=== WHAT IS BEING ASKED ===
Nothing but the lines below from the one holding "ukraina dhe moldavia" up to and including the one holding "Удобрения для того" should be copied, exactly and without pictures.

=== RECORDS FOR THIS TASK ===
* * * *
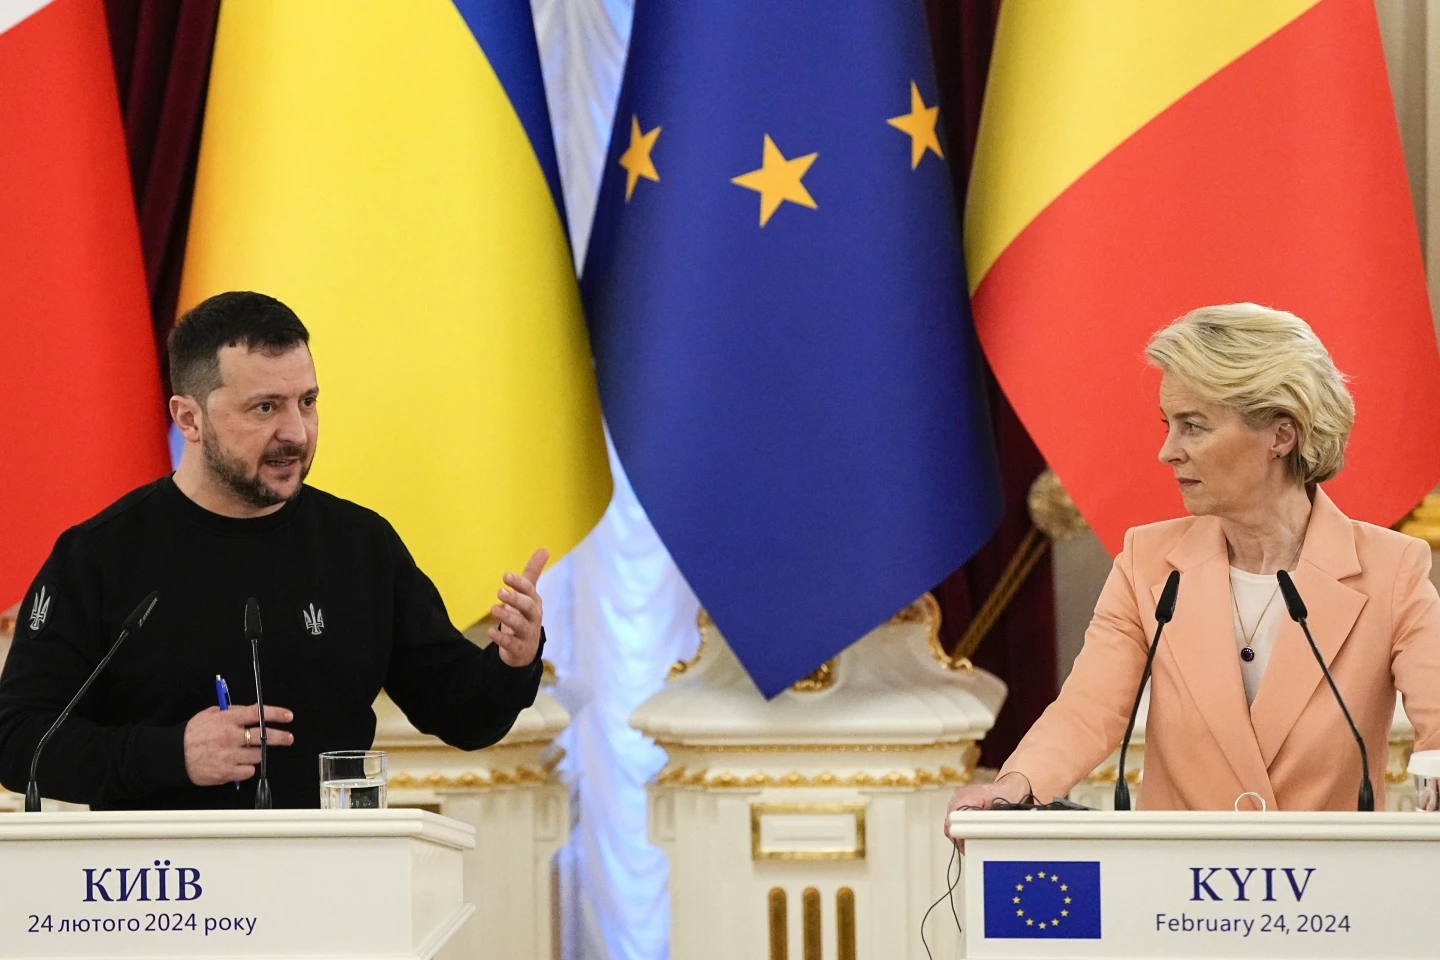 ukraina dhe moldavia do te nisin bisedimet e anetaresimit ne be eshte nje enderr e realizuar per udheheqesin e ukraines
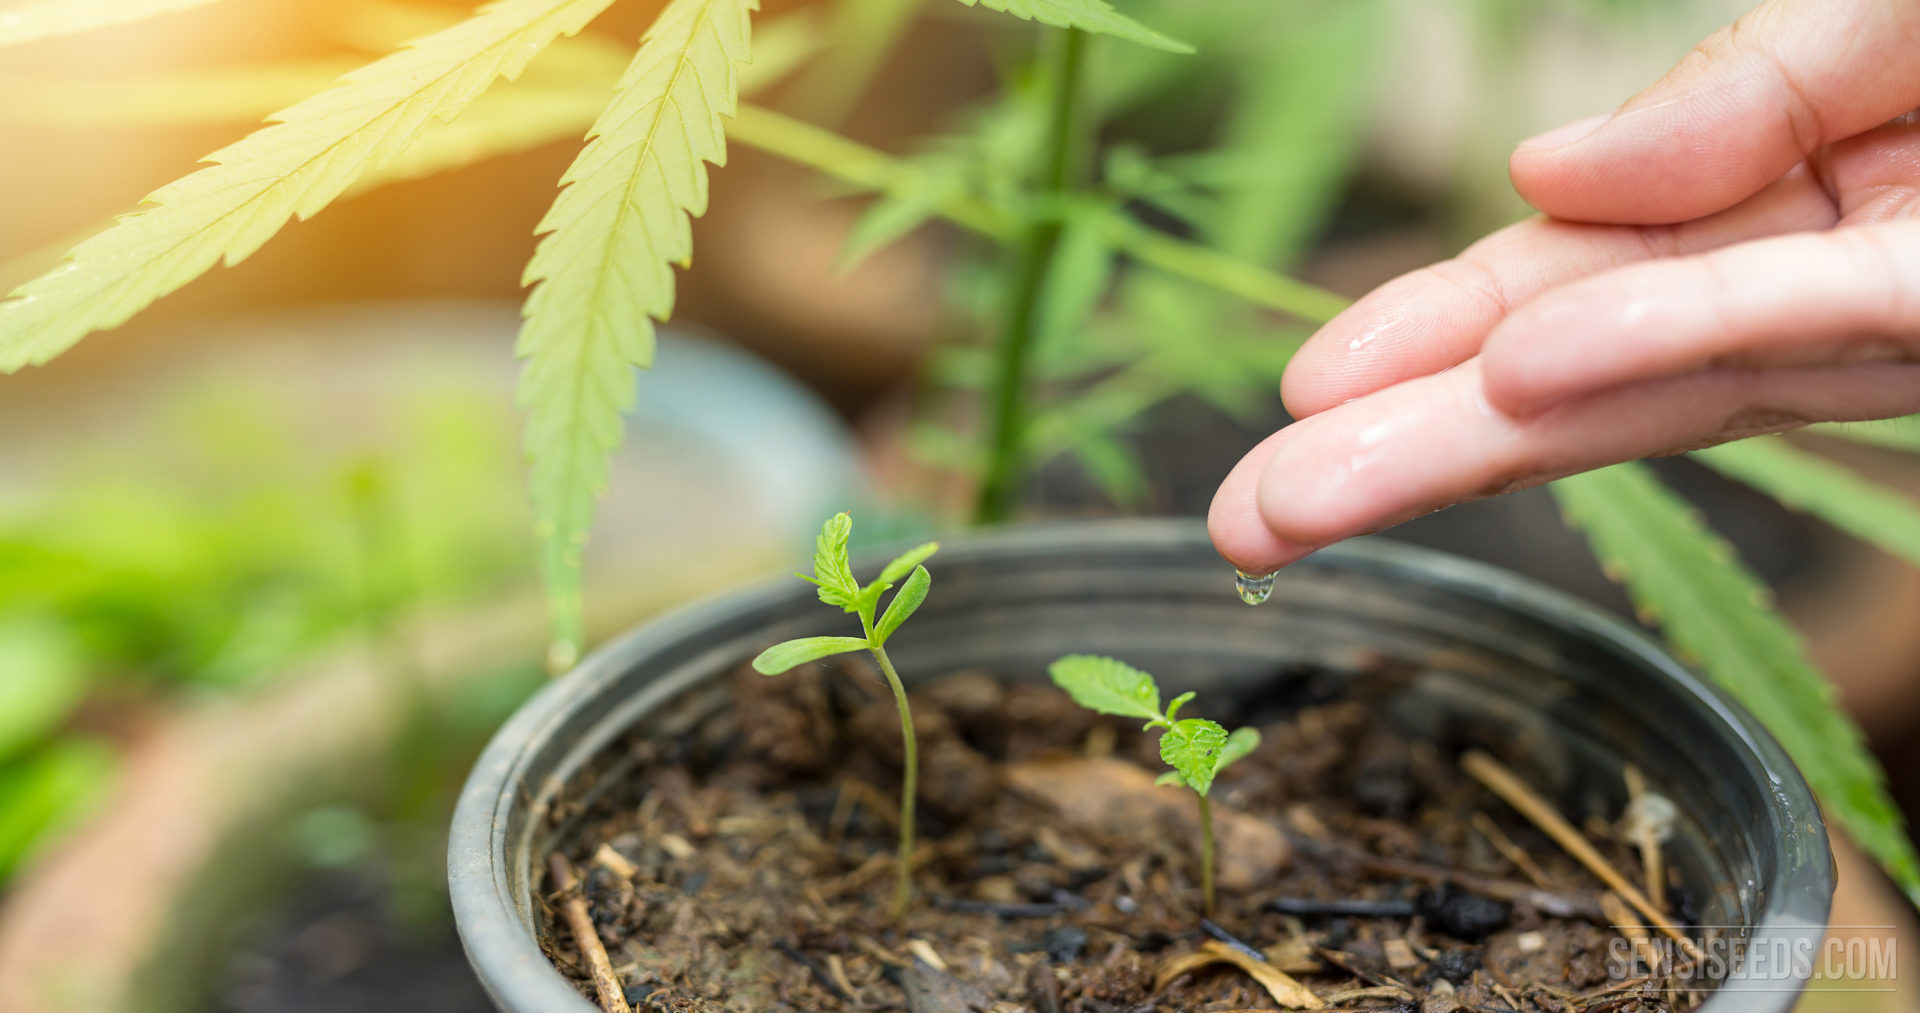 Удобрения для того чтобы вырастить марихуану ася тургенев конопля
* * * *
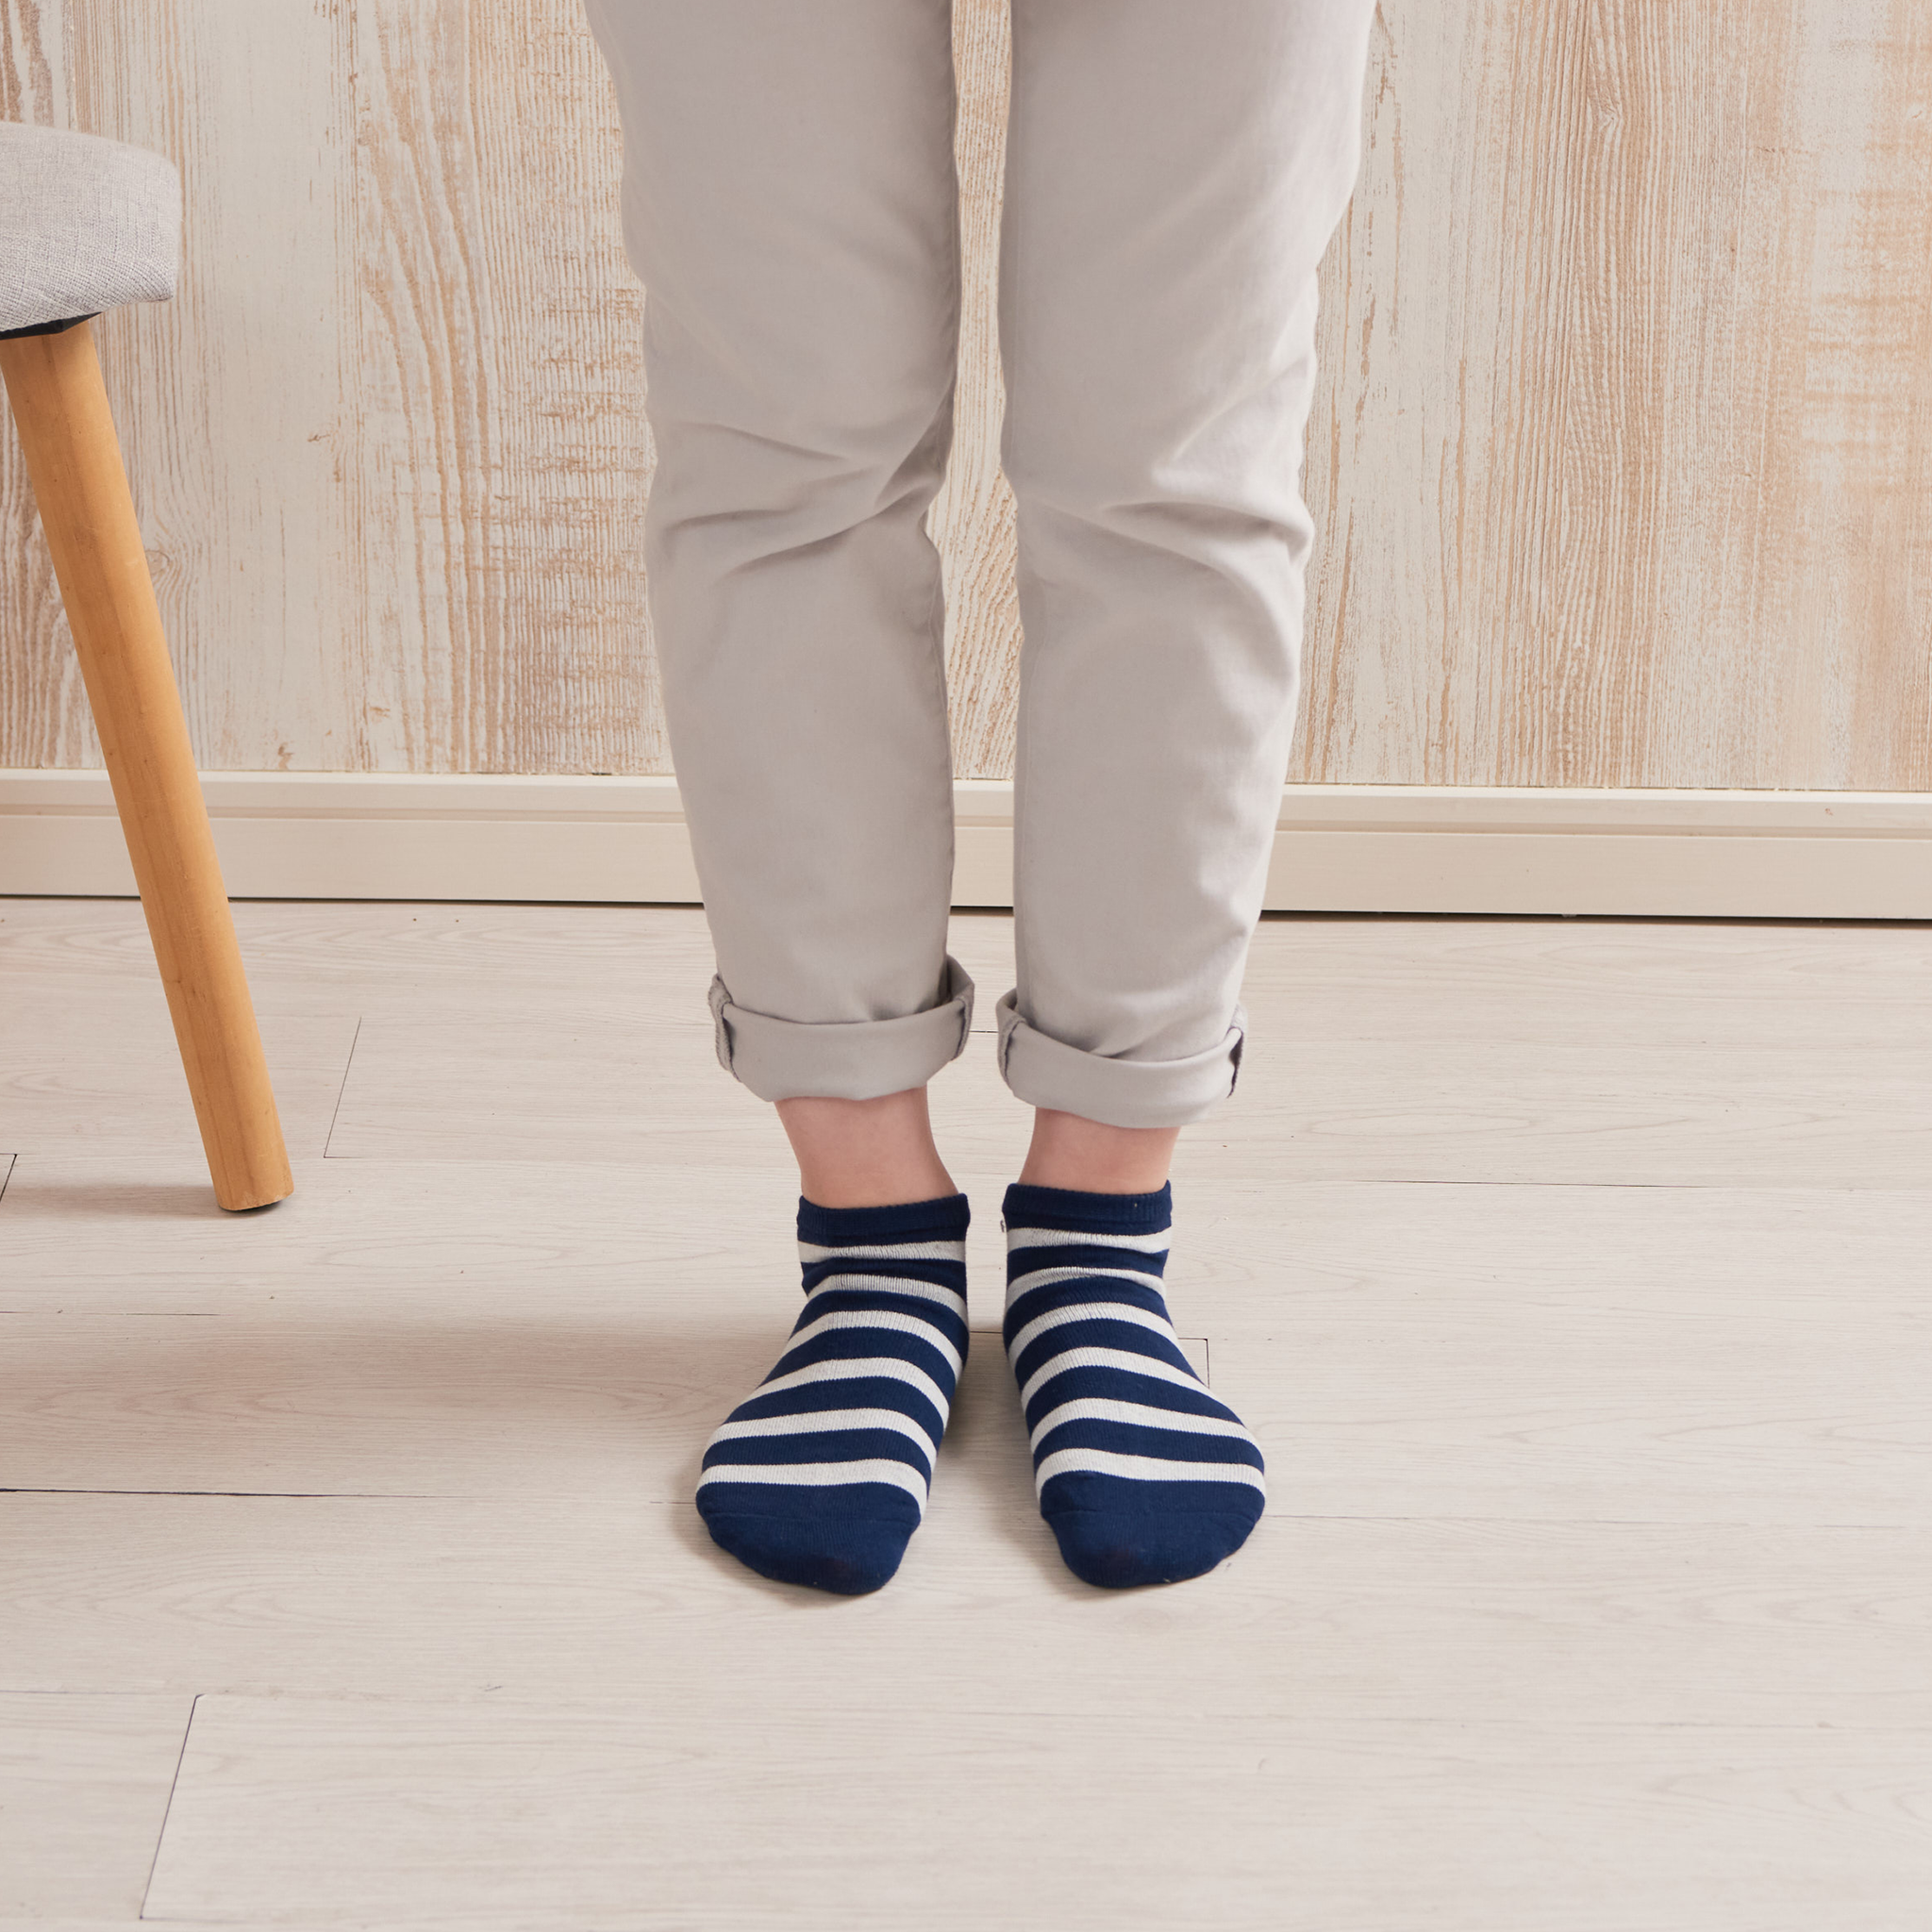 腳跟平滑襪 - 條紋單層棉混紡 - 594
* * * *
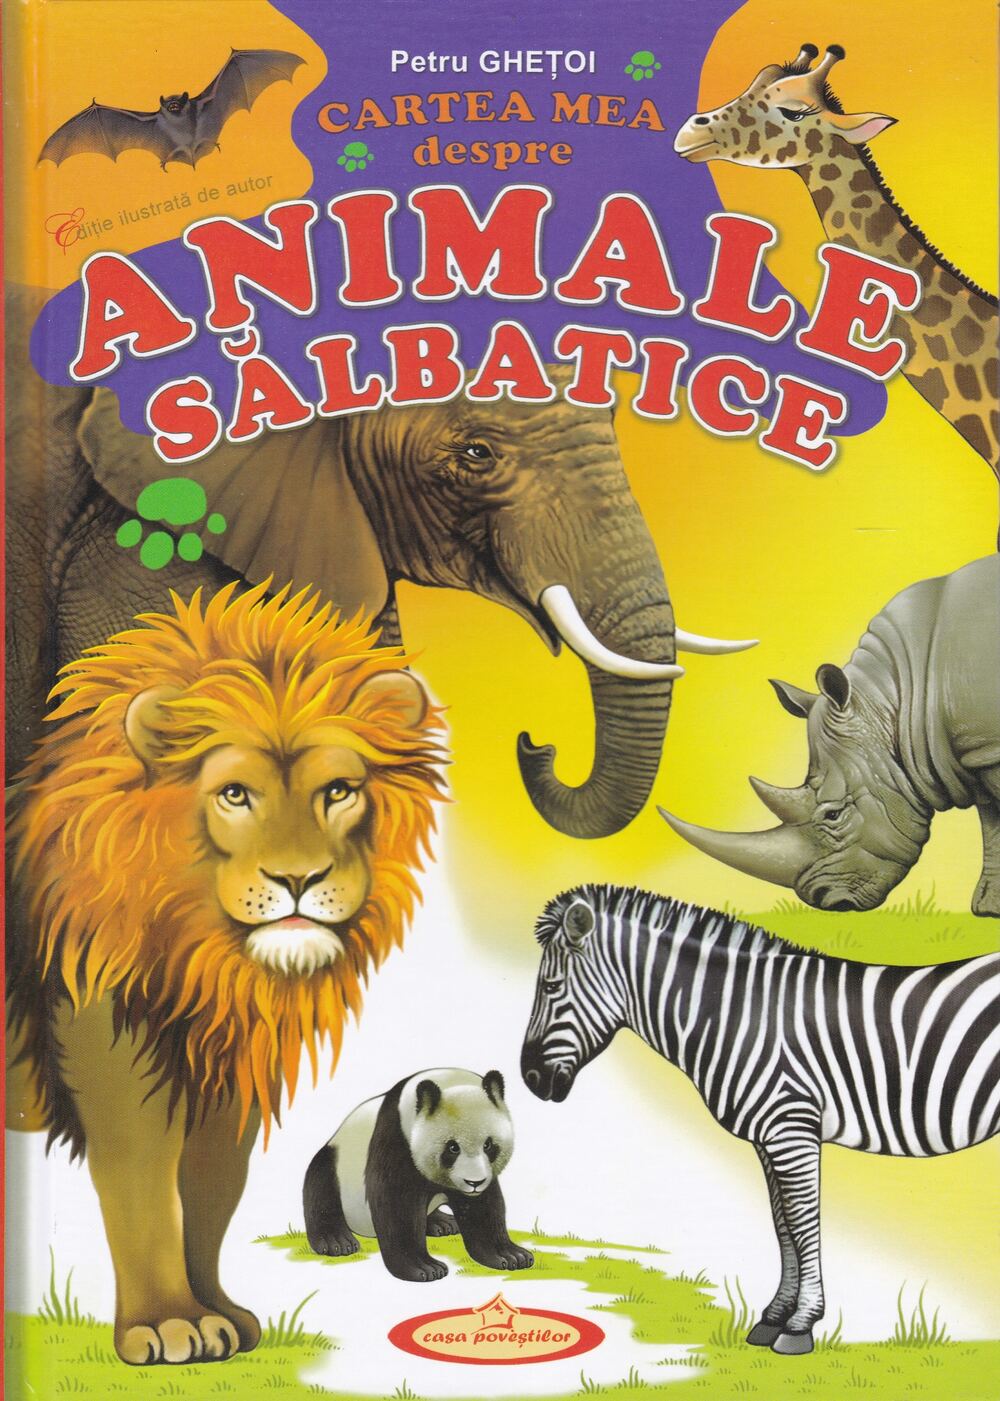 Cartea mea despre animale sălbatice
* * * *
=== YOUR RESPONSE ===
 ukraina dhe moldavia do te nisin bisedimet e anetaresimit ne be eshte nje enderr e realizuar per udheheqesin e ukraines
 Удобрения для того чтобы вырастить марихуану ася тургенев конопля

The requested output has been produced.